Gabonese film director (born 1988)

Amédée Pacôme Nkoulou (born 1988) is a Gabonese film director.

==Career==
Nkoulou received his baccalaureate in 2007 and then went to study cinematography and audiovisual production at the Institut Supérieur de l'Image et du Son in Ouagadougou. He returned to Gabon in 2011 and worked as an intern on several projects. He served as assistant director on Samantha Biffot's L'oeil de la cité (2012), Nadine Otsobogo's Dialemi (2013) and Pauline Mvélé's Sans Famille (2013). In 2014, Nkoulou's first film, Moane Mory, a 20-minute short, was released after two years of preparation. With funding from the Gabonese government entity Igis, the film depicts a meeting at an art exhibition between young student Isa and Jack, a painter in his forties, that develops into love. Moane Mory was selected to the European Cinema Festival at Libreville and the short film corner at the 2014 Cannes Film Festival.

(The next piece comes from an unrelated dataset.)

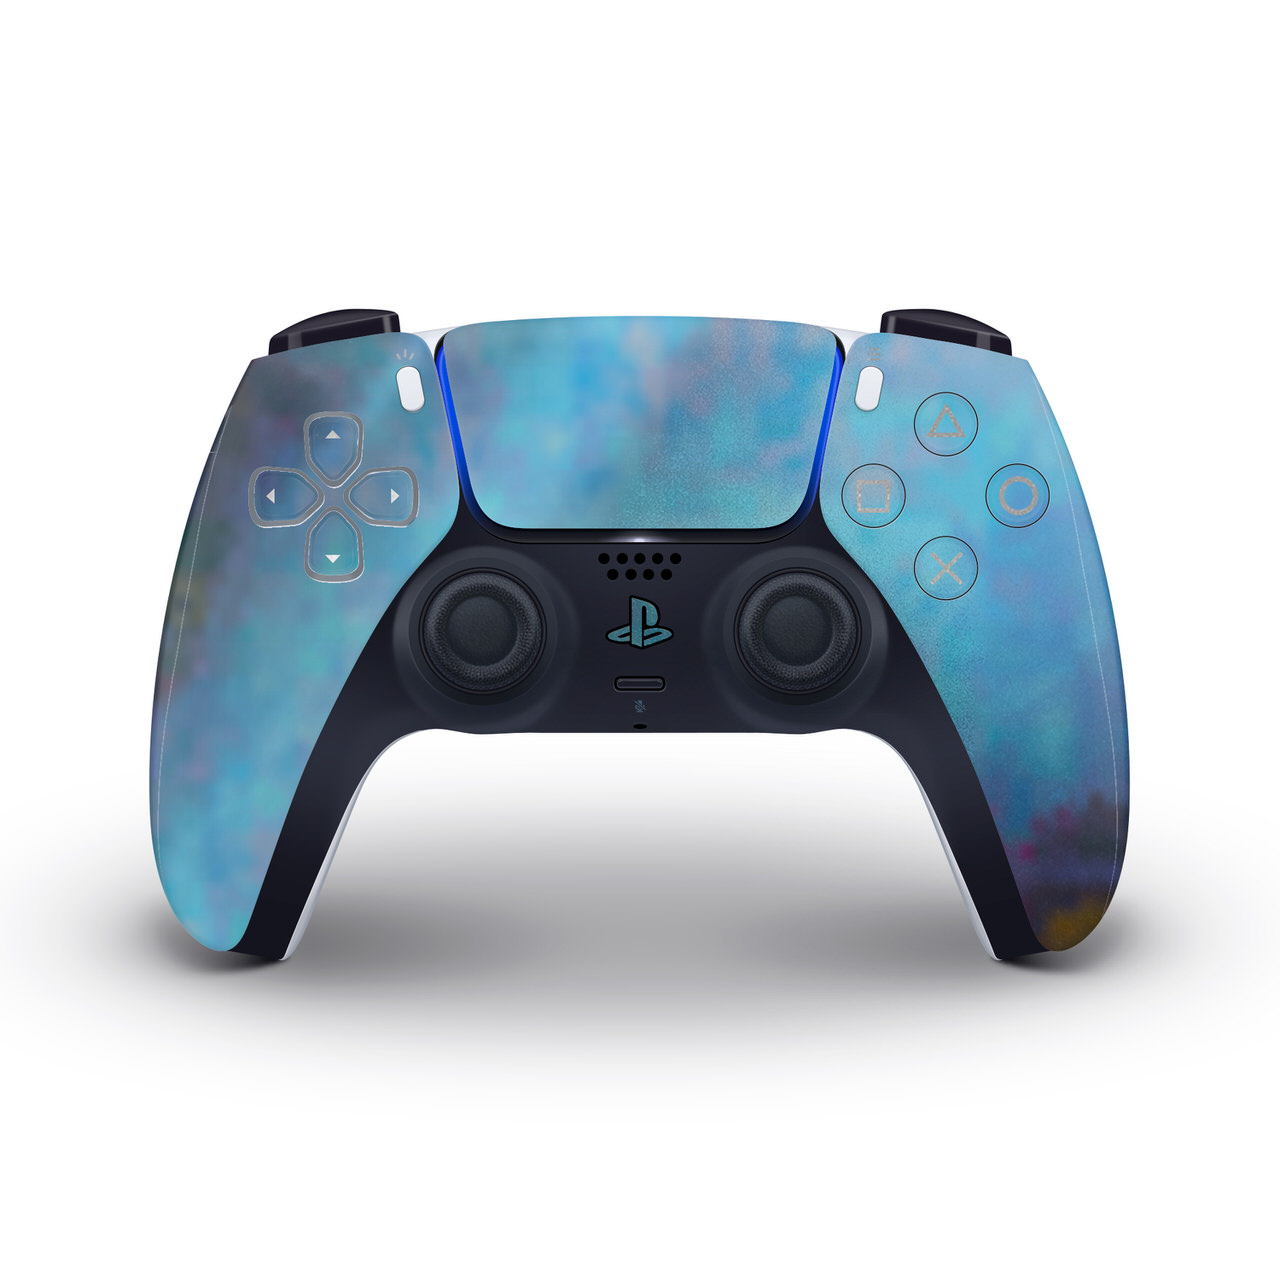 https://cdn11.bigcommerce.com/s-ahgfi493tw/images/stencil/original/products/8509/19907/Case_Hardened_Blue_Gem_Playstation_5_Controller_Anodized_Skin__31783.1692606922.jpg

His second film, Une vie après le bloc, was released in 2016. This documentary examines two Gabonese doctors who install pacemakers and knee prosthetics. Nkoulou's first feature-length film, Boxing Libreville, was released in 2018. It depicts a young aspiring boxer, Christ, as he trains in Libreville amidst the backdrop of the 2016 Gabonese presidential election. Boxing Libreville was entered in the International Short and Medium Film Competition at the Visions du Réel. It received the award for best documentary at the festival de cine africano de Tarif in Spain. It was screened at several other film festivals, including the Internationales Dokumentarfilmfestival München and Ecrans Noirs in Cameroon.

==Filmography==
- Moane Mory (2014)
- Une vie après le bloc (2016)
- Boxing Libreville (2018)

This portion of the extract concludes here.